Nancy Cassutt Ison was a creative and compassionate news leader whose influence at television, radio and digital newsrooms spanned five decades. Beginning as a television reporter in the 1980s, she went on to help run WCCO-TV News in Minneapolis, Minnesota Public Radio News in St. Paul and the national economics radio show MarketPlace in Los Angeles, among others. She had a reputation for mentoring young journalists and reorganizing newsrooms to effectively navigate an increasingly complex and constantly changing news industry.
Ison died June 19 of a glioblastoma brain tumor at her home in Hudson, WI, surrounded by her family. She was 64.
Known in the news industry as Nancy Cassutt, she began forging her career on the air at WDIO-TV in Duluth, MN, in 1984, covering local government and politics. While reporting on a city council meeting, she met a competitor from the local newspaper. She and Chris Ison eventually would be married for almost 38 years, continuing the journalism competition for much of that time. After a stint reporting in Green Bay, WI, she became the assignment editor at KSTP-TV in the Twin Cities, and then at WCCO. By 1990 she was overseeing the WCCO newsroom as Managing Editor and Assistant News Director.
In 2000, Ison joined a young company called Internet Broadcasting, where, as Vice President for Content and Operations and later a Senior Vice President, she helped create and run news websites for television stations around the country, most of which had done little to adapt to the digital age. In 2010 she was lured to Minnesota Public Radio, where she would go on to manage several departments. Six years later, she became MPR’s Executive Director of News and Programming. In 2019 she became Managing Director of News at MarketPlace, the business and economics radio show in Los Angeles owned by MPR’s parent company, American Public Media (APM), where she helped guide the newsroom during the Covid 19 pandemic.
Ison brought creativity, vision and a strong sense of ethics to her newsrooms. In 2017 and 2018 the popular show “A Prairie Home Companion” became embroiled in a sexual harassment scandal allegedly involving host Garrison Keillor. The show was distributed by APM and was important to the success of APM and MPR. Ison didn’t let that relationship deter her newsroom from critical, in-depth coverage. She separated herself from others on the company’s management team to ensure she could help direct coverage without interference or the appearance of conflict of interest. MPR’s coverage won the Society of Professional Journalists Ethics in Journalism Award. Later, Ison saw promise in a small, start-up news site covering Minnesota’s immigrant community. She invested MPR resources in the Sahan Journal, sharing stories that helped both organizations expand their coverage and reach a larger audience. It also brought what she said was important diversity in coverage and in her staff’s perspective. Today, Sahan is an independent, award-winning news site with a staff of more than 20.
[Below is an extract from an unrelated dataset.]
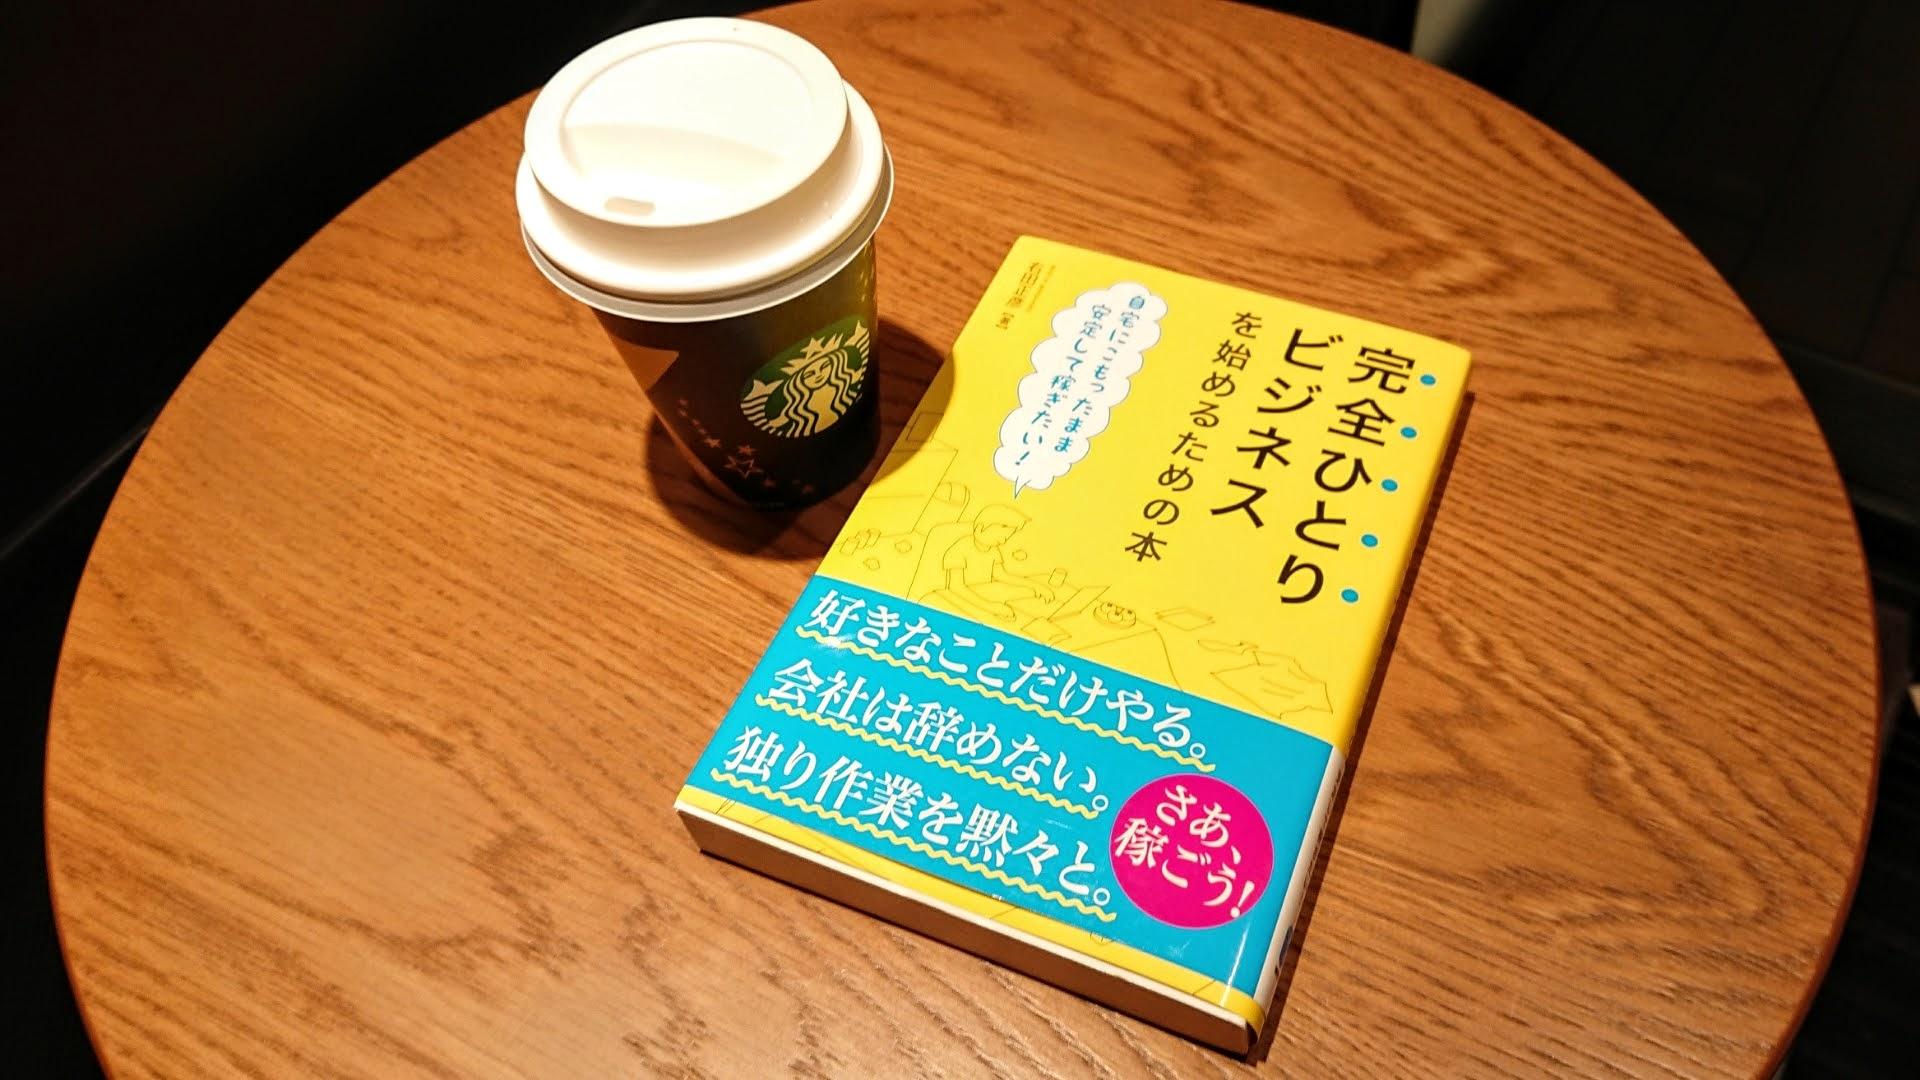 完全ひとりビジネスを始めるための本

Ison retired in 2022, but that lasted only days. She joined a national marketing agency, and later oversaw the sponsorship sales team at Twin Cities Public Television before her cancer diagnosis forced her to step away to focus on treatment. But the cancer didn’t stop her drive.
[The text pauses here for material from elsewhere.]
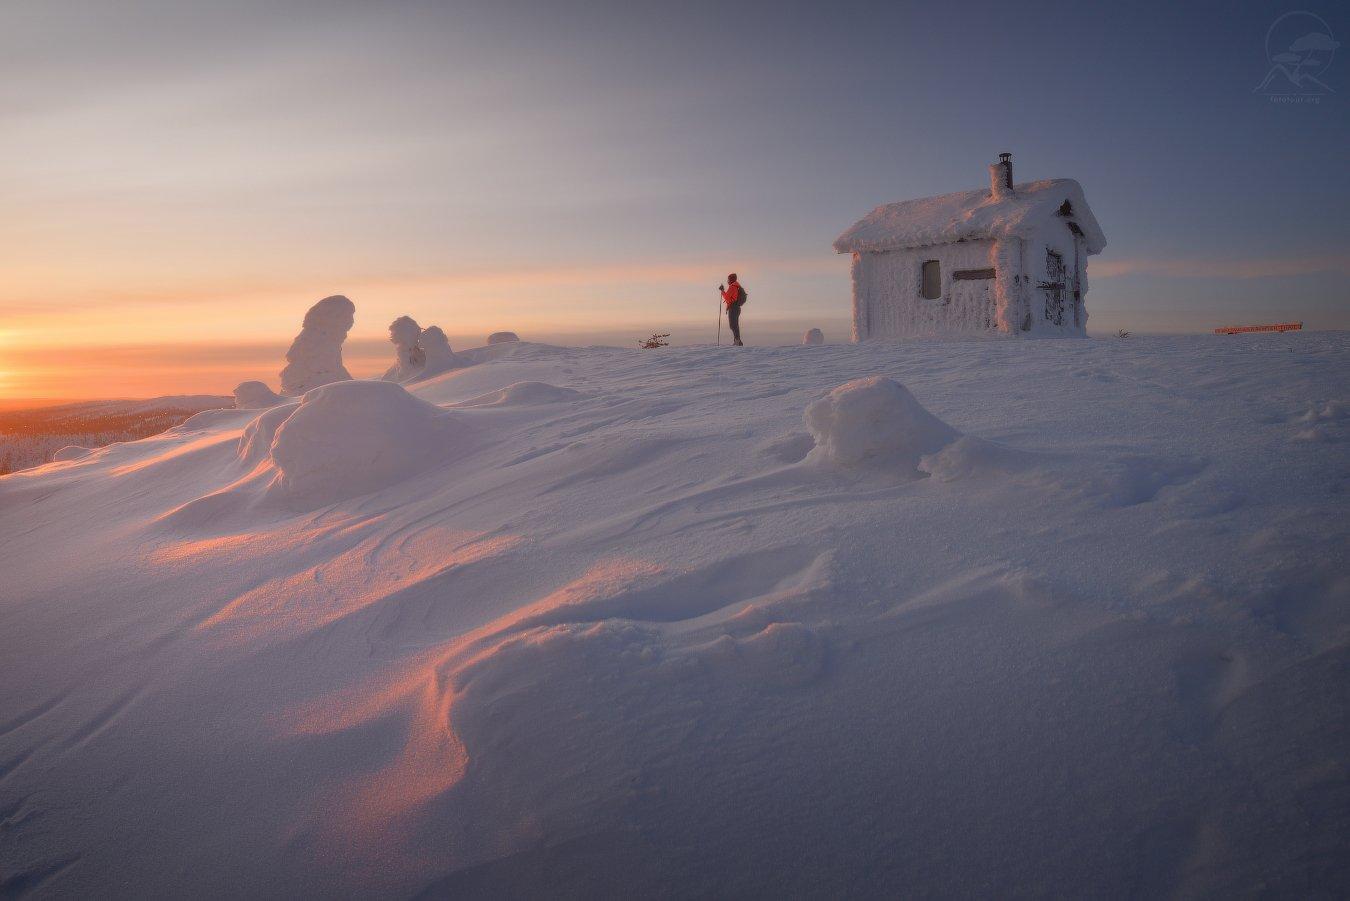 пейзаж, природа, море, финляндия, лапландия, Гордиенко Анатолий

A life-long fitness fanatic, Ison continued to work out on the yoga mat and in the weight room. She had long been known to her neighbors as the 5:30 a.m. runner, even on below-zero mornings. She ran a marathon at age 50. At 64, she received her certification to teach yoga sculpt. She was a cross country and water skier, an avid golfer and hiker. Just weeks before her passing, she was still visiting her personalized weight training class, even when she couldn’t leave her wheelchair.
Ison didn’t let her career keep her from being a devoted parent to her two daughters, a loving partner to her husband and a caregiver to her parents. Old friends called her the glue that kept everyone together. New friends seemed to connect instantly. To her two granddaughters, she was simply known as Cece, the fun grandmother who never tired of chases, laughs and hugs.
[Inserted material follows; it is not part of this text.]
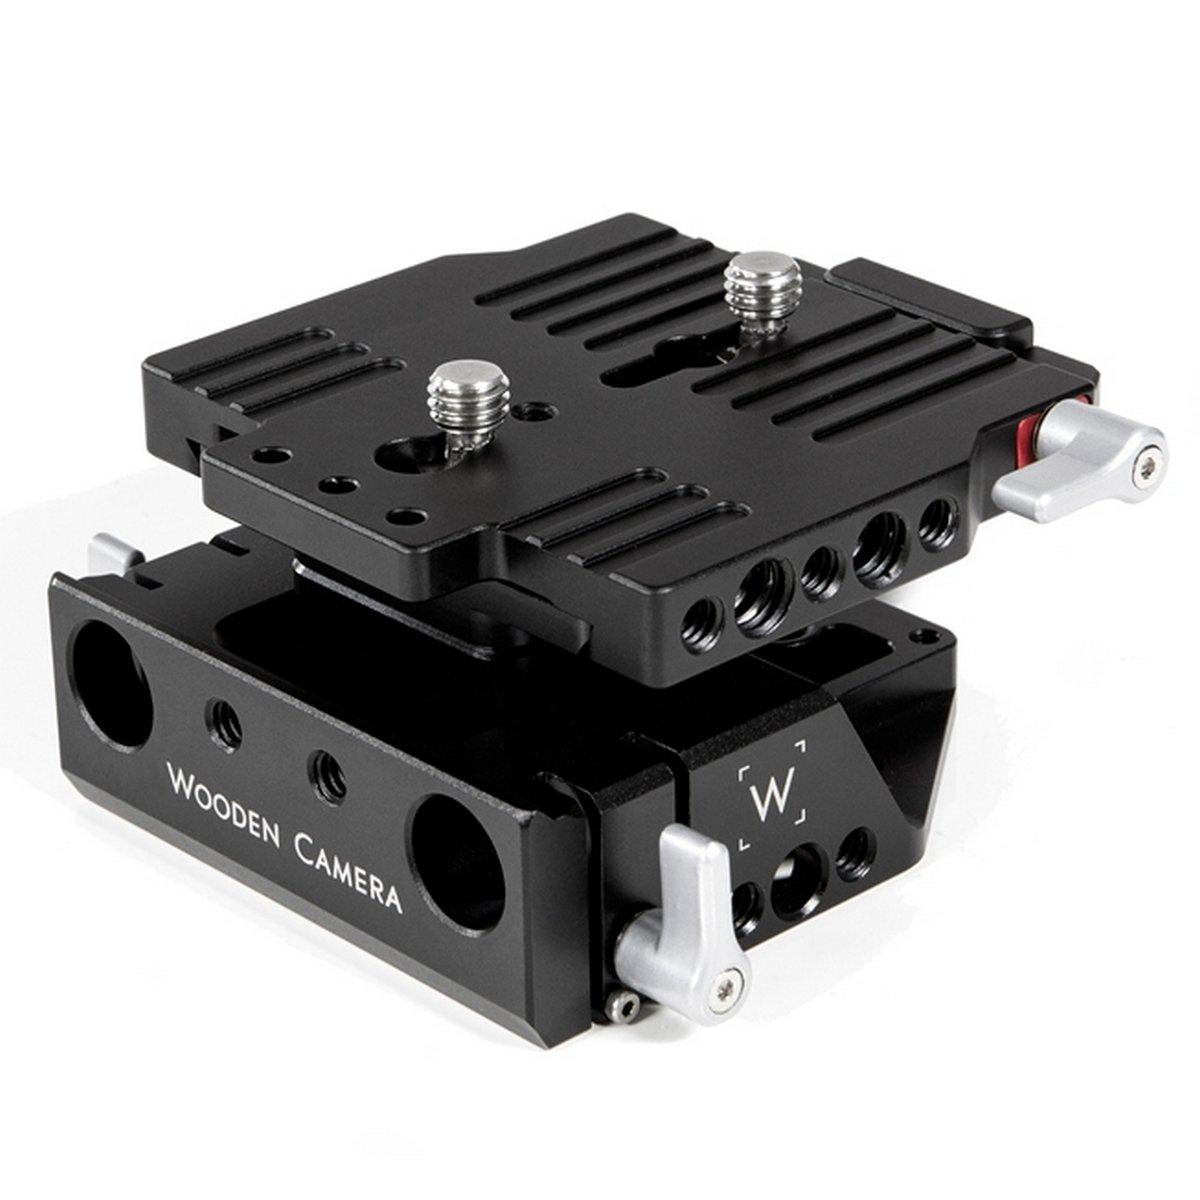 木製カメラ162400 |クイックベースベースプレートfor Phantom Miroカメラ   B00W67LN7E

Ison was preceded in death by her parents, Florian and Joyce Cassutt, longtime teachers from Hudson. She is survived by her husband, Christopher Ison; two daughters, Kathryn (Craig) Skarnes and Allison Ison (husband Scott Morrison); two granddaughters, Esme and Lena Skarnes; brothers Michael (Cindy) and Mark Cassutt; brother-in-law Luther (Deanne) Ison; and many nieces and nephews.
Services will be 11 a.m. Thursday, July 10, at St. Joan of Arc Catholic Church, 4537 3rd Ave. S., Minneapolis. Visitation is one hour prior, at the church. In lieu of flowers, donations can be made to Arm in Arm in Africa (aiaia.org) or Sahan Journal (sahanjournal.com).